Right. It’s like, I knew this was gonna happen. I had done everything like they have conviction. And that’s another word that I, I really am fascinated with. I’ve been on this word kick lately with like, acceptance, conviction, clarity, specificity, you know, and lack of judgment. That’s three words. But you know, and you start to realize that words do have power, and you’ve gotta recognize what words are you allowing to be part of your narrative, and what words are you guiding?
Are you being guided by? And that’s why a lot of times, you know, with my athletes, we focus on our values and our personal philosophy. Like my personal philosophy for like the last three years has been, be kind, be curious, be creative. And the way that I use that is if I’m struggling, I just basically just say my personal philosophy to myself and I think about how to take action on it cuz the words have have power, but they have much more power when they’re put into motion.

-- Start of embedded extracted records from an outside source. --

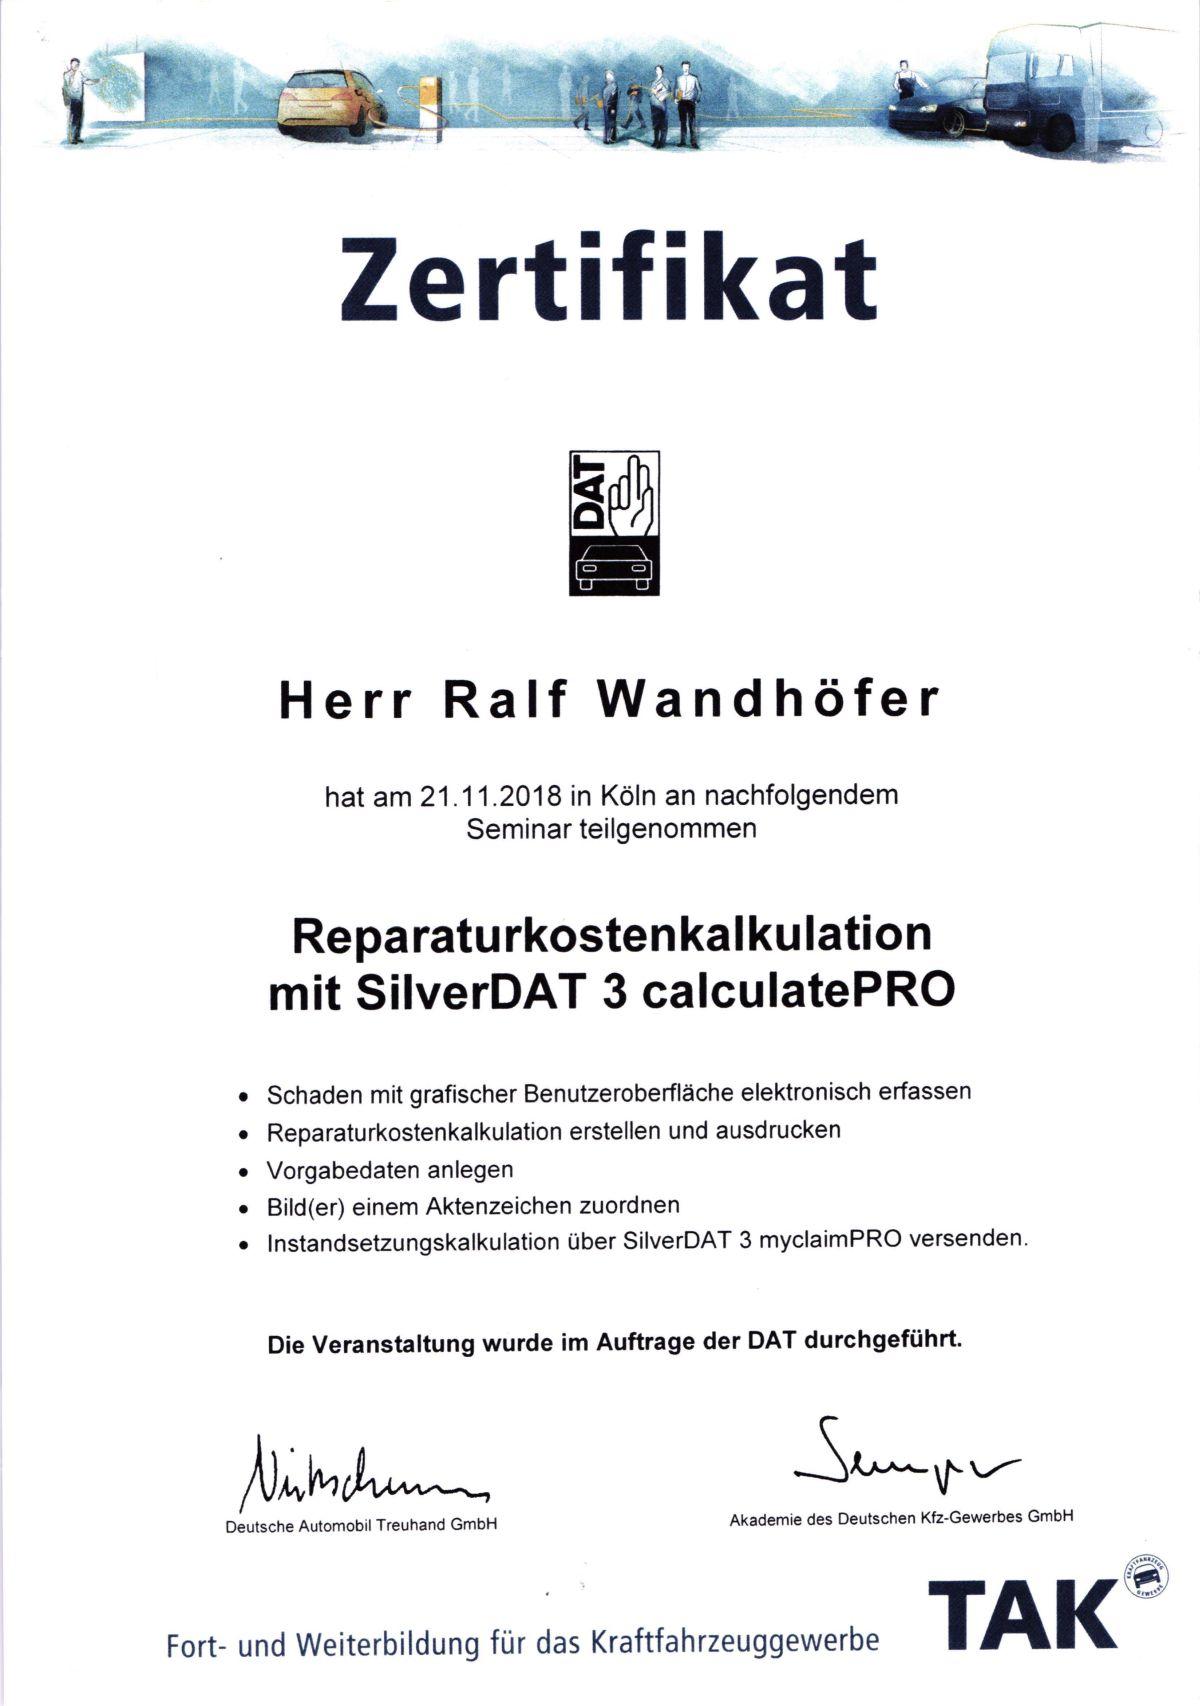 Ralf_Wandhöfer_Zertifikat_015
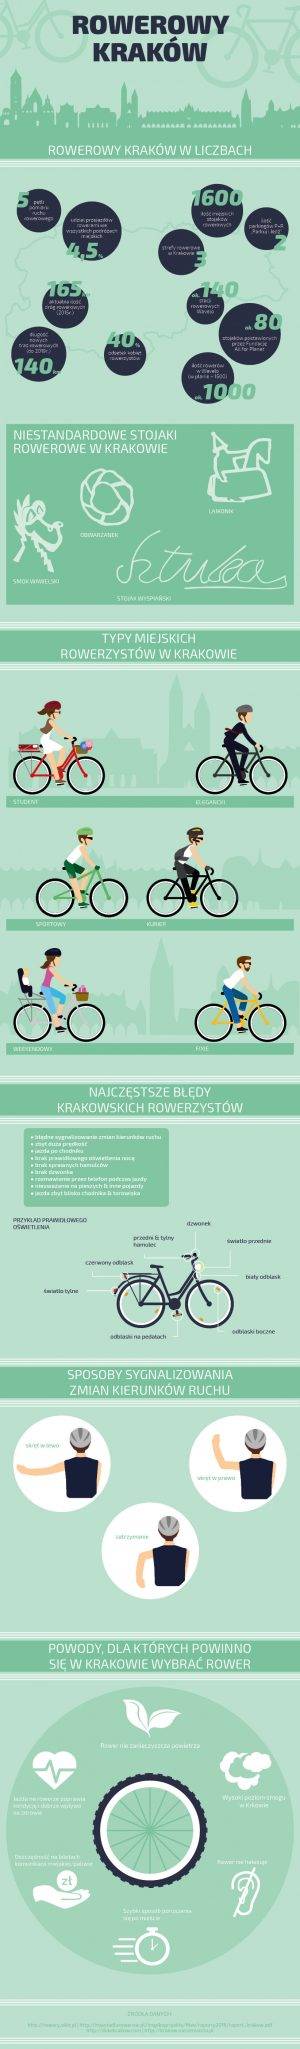 infograpic_krakow_02 (1)
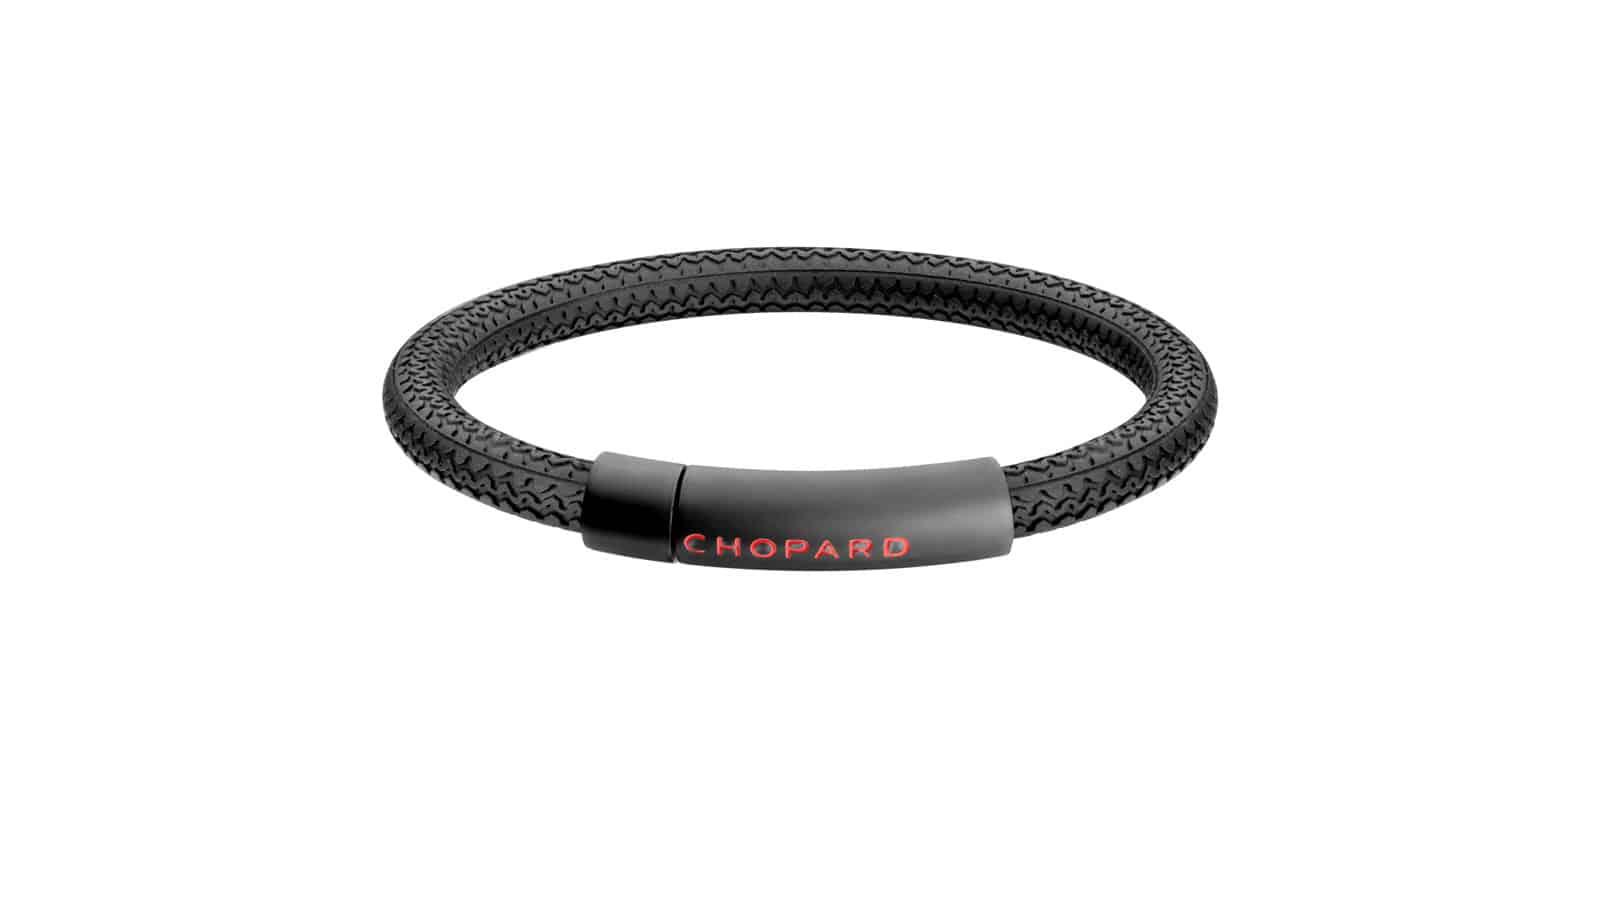 Bracelet-Chopard-Mille-Miglia-95016-0226-Lionel-Meylan-horlogerie-joaillerie-vevey

And so I’m like, hmm, is there a way that I can be curious right now? All right, sure. Let’s play it through. Um, why am I feeling this way? What can I do? Can I shift my perspective? Am I making this too big of a deal? Am I catastrophizing, am I filtering out the, the good side of this? You know, curiosity, be kindness, uh, or be kind, maybe a little bit more kindness to myself.

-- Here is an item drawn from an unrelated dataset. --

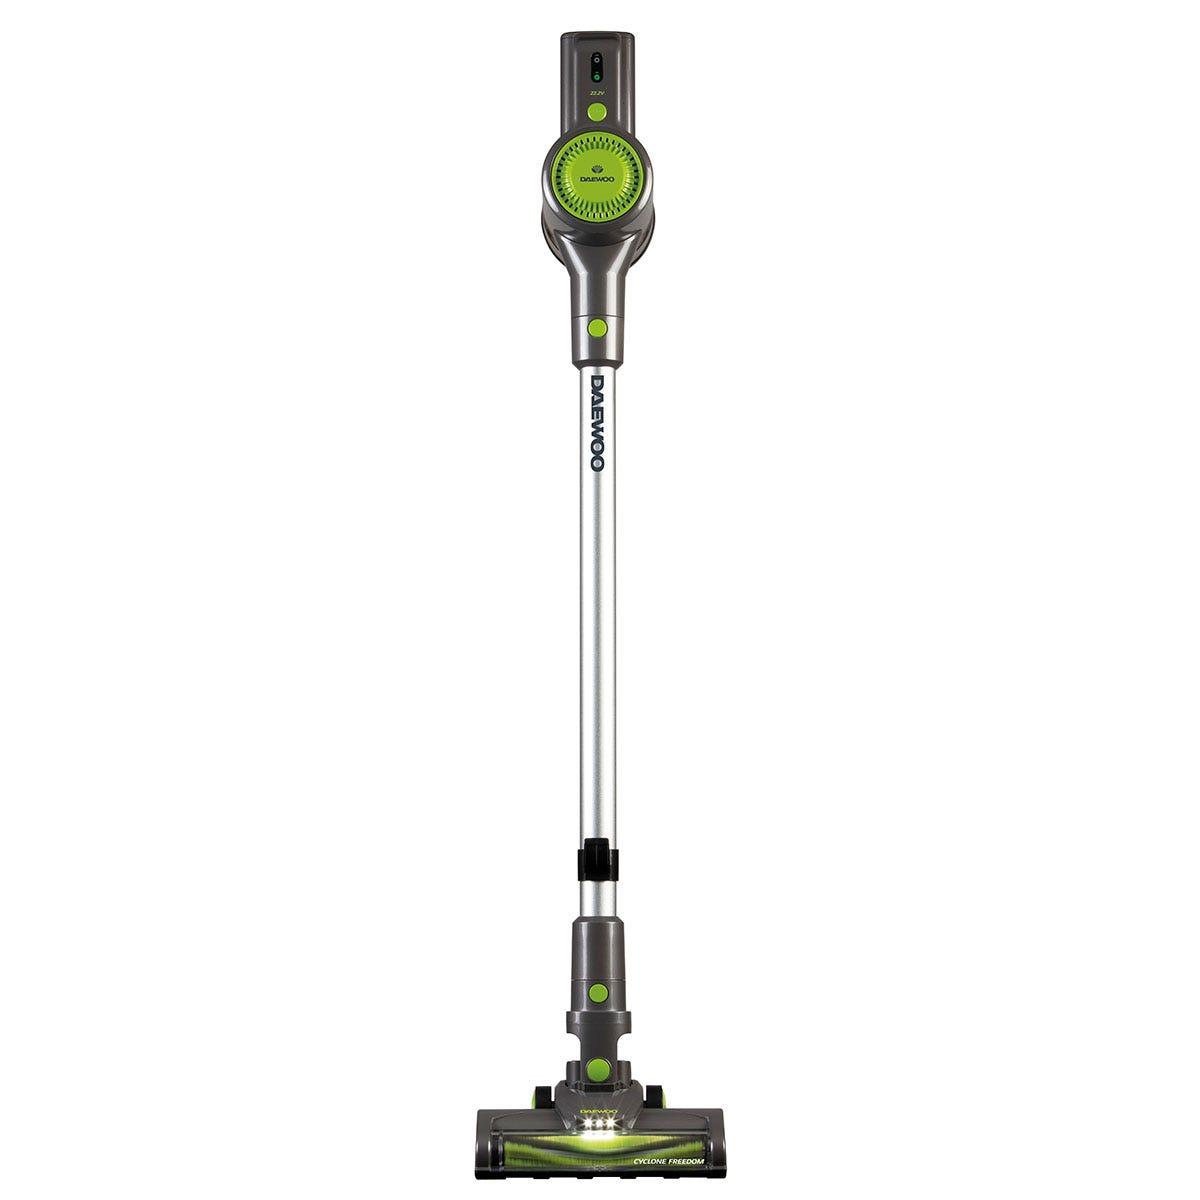 Daewoo FLR00010GE Cyclone Pro 120W Cordless Handheld Vacuum Cleaner - Grey, Black, and Green

Maybe not beating myself up for something, um, and then being creative. You know, what would be something different I could do? I don’t know. Start imagining, you know, we have this, this thing that, it’s so funny here we are in this world where there’s all these different genius. I, I don’t know what the plural is.
Genie g, geniuses and species. We’ll call it species because the word before it, I don’t think Casper plural, but all these different species. And the one thing that separates us more than anything is the fact that we have an imagination. Other animals don’t have this. They don’t have that ability, but yet we don’t tend to tap into it.
We don’t use for imagination. Now, when you’re a kiddo, Yes, you’re an Indian. Hey man, you know you wanna be an Indian, I’ll be a cowboy dude. It is on within a blink. You or him? I am him. We’re make, we’re talking like them. We’re acting like them. We’re dressing like them. We are them. But the imagination is shamed.
Once you get outside of that 12, 13, 14 year old age where it’s like, Hey, you need to grow up. Or hey, it’s not, you know, we don’t play cowboys and Indians when you’re 14. Not that anyone plays that nowadays. They probably play like online in entrepreneur and social media influencer. That’s probably the modern day version.
But, you know, it’s like, you know, it, it’s crazy that we don’t, I, I feel that we don’t use our imagination enough cuz it’s such a powerful tool. I mean, that’s how the light bulb was invented. Edison didn’t just, you know, stumble upon it, you know, he was creative. He was imaginative. So interesting stuff. So let me ask you this.
You work with top athletes, I know that you had mentioned them being in the present moment was definitely something that you noticed as a common characteristic amongst them. What would be some other things that maybe come top of mind when you think about what differentiates the best from the decent?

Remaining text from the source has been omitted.